6. Post-Archive Verification / 归档后验证

After creating or modifying knowledge base files:

  1. Verify all new wikilinks resolve to existing files
  2. Check numbering consistency within the subject folder (no gaps or collisions)
  3. Report any broken links or inconsistencies to the user

Configuration Reference / 配置参考

.personal-tutor-config.json

FieldTypeDescription
versionstringConfig schema version ("1.0")
learningRootstringAbsolute path to the learning directory / 学习资料根目录
knowledgeBase.toolstring"obsidian" / "plain" / "notion" / "none"
knowledgeBase.pathstringAbsolute path to vault/notes root / 知识库路径
knowledgeBase.schemaPathstring(Optional) Path to custom knowledge base rules file / 自定义规则文件路径
archiveDepthstring"light" (log + syllabus + memory) or "full" (includes knowledge base + index)
languagestring"zh" / "en" / "zh-en" / "auto"
subjectsobjectKeyed by subject name, each containing currentDay, category, syllabusPath, logPath, status, startedAt

Directory Structure / 目录结构 (after setup)

{learningRoot}/
├── {Category/分类}/
│   ├── {Subject Name/学科名}/
│   │   ├── syllabus.md
│   │   └── learning-log.md
│   └── {Another Subject}/
│       ├── syllabus.md
│       └── learning-log.md
├── {Another Category}/
│   └── ...
└── ...

{knowledgeBase.path}/
├── {Subject Name}/
│   ├── 01-concept.md
│   ├── 02-concept.md
│   └── ...
└── (existing vault structure preserved / 现有结构保留)

Design Principles / 设计原则

  1. Progressive disclosure / 渐进展开 — Lightweight onboarding, fully optional deep features
  2. Tool-agnostic / 工具无关 — Works with Obsidian, plain folders, or no knowledge base at all
  3. Conversation-first / 对话优先 — The lesson happens in chat; the skill handles the paperwork behind the scenes
  4. Incremental / 增量式 — Each day builds on the last; the log and syllabus grow together
  5. Non-destructive / 非破坏性 — Never overwrite existing knowledge base content; always check for duplicates first
  6. Language-respecting / 语言自适应 — Follow the user's configured language for all generated content

Common Edge Cases / 常见边缘情况

Situation / 情况Handling / 处理方式
User forgot which day they're on / 忘记学到哪了Read config → currentDay, confirm with user
User wants to skip ahead / 想跳过某天Update config to the new day, note in log
User restarted a subject from scratch / 重启学科Archive old log (rename with date suffix), create fresh files
Multiple subjects in one session / 同一会话多学科切换Process each archive command independently
Knowledge base tool is none / 未配置知识库Silently skip Steps 5-6 in Scenario 3
Config file is corrupted/missing / 配置文件损坏或缺失Re-run onboarding; old learning files are preserved
Subject name has special characters / 学科名含特殊字符Sanitize for filesystem: replace <>:"/|?* with -
Agent skipped knowledge base update / Agent 漏了知识库归档v1.0.1 新增。
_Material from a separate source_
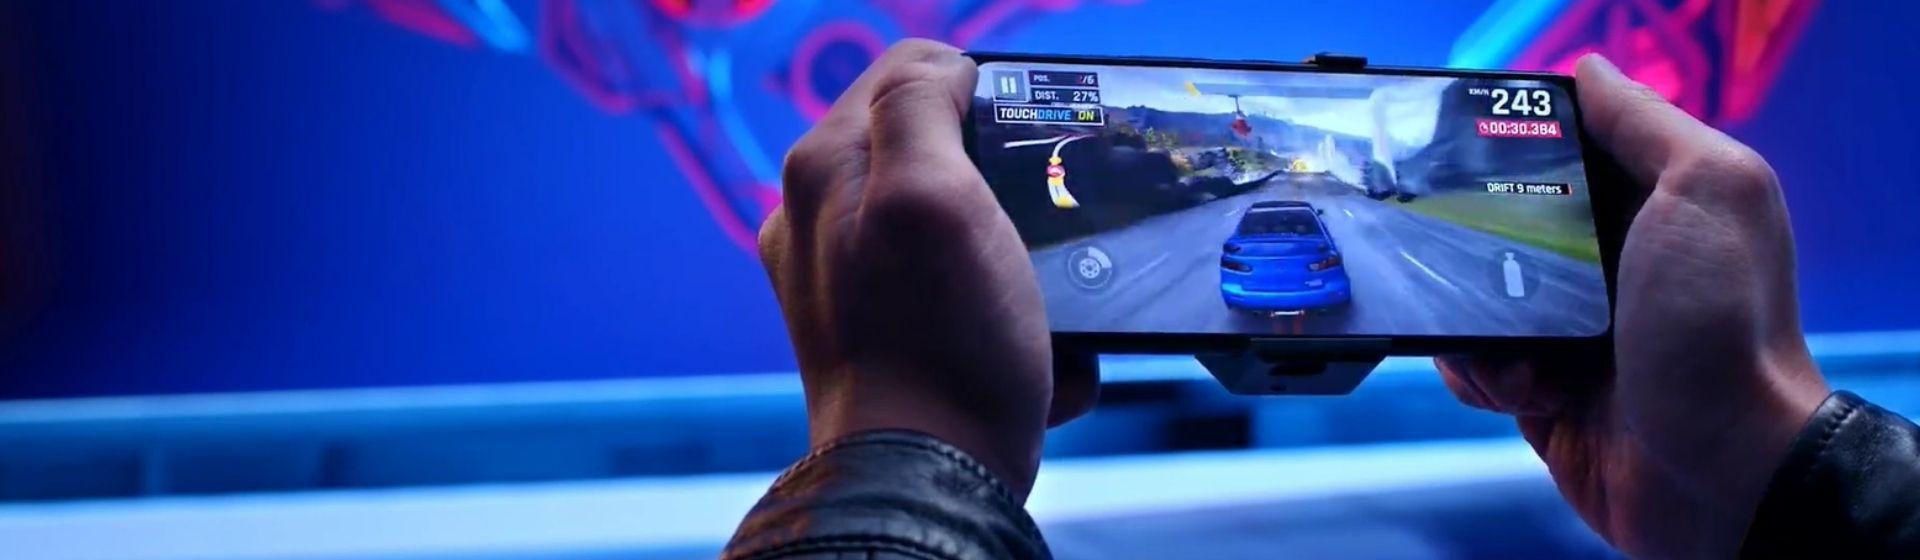 ROG Phone 5: Asus revela celular gamer com ficha técnica poderosa
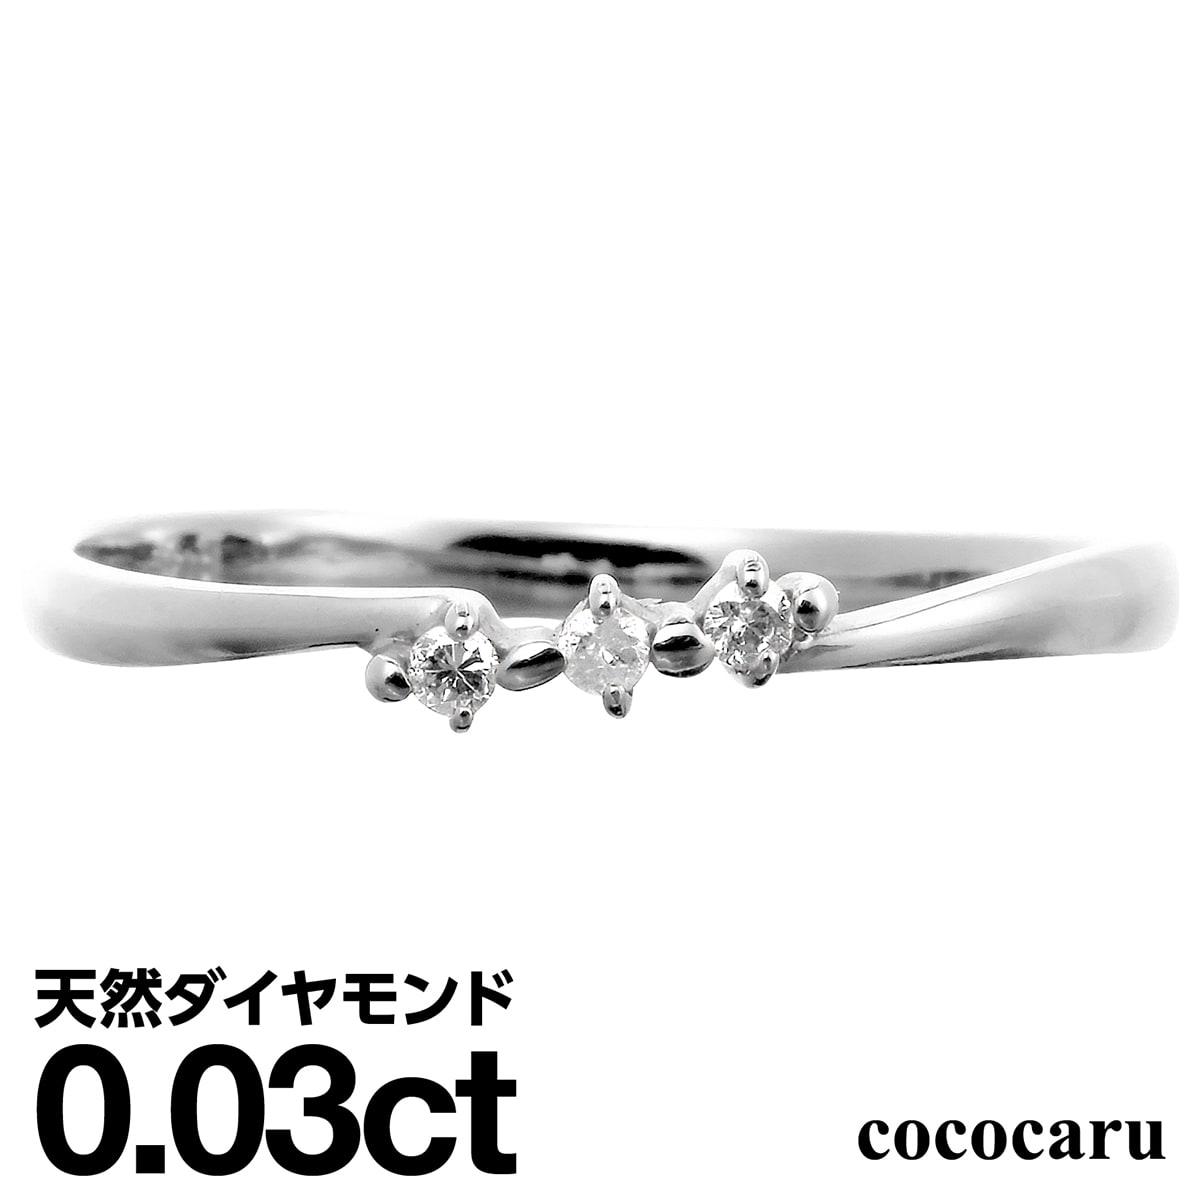 【送料無料】指輪 pt900 天然ダイヤモンド リング プラチナ900 ファッションリング 品質保証書 金属アレルギー 日本製【smtb-m】【auktn_fs】

This is the most common failure mode. Recovery: (1) Check if the subject folder exists at {knowledgeBase.path}; (2) Read the latest learning log to identify which concepts were taught; (3) Create/update .md files for each missing concept; (4) Run Post-Lesson Self-Verification Protocol; (5) This failure suggests the agent DID read the skill but skipped verification — after recovery, the agent should update its local rules (SOUL.md, TOOLS.md, etc.) to prevent recurrence.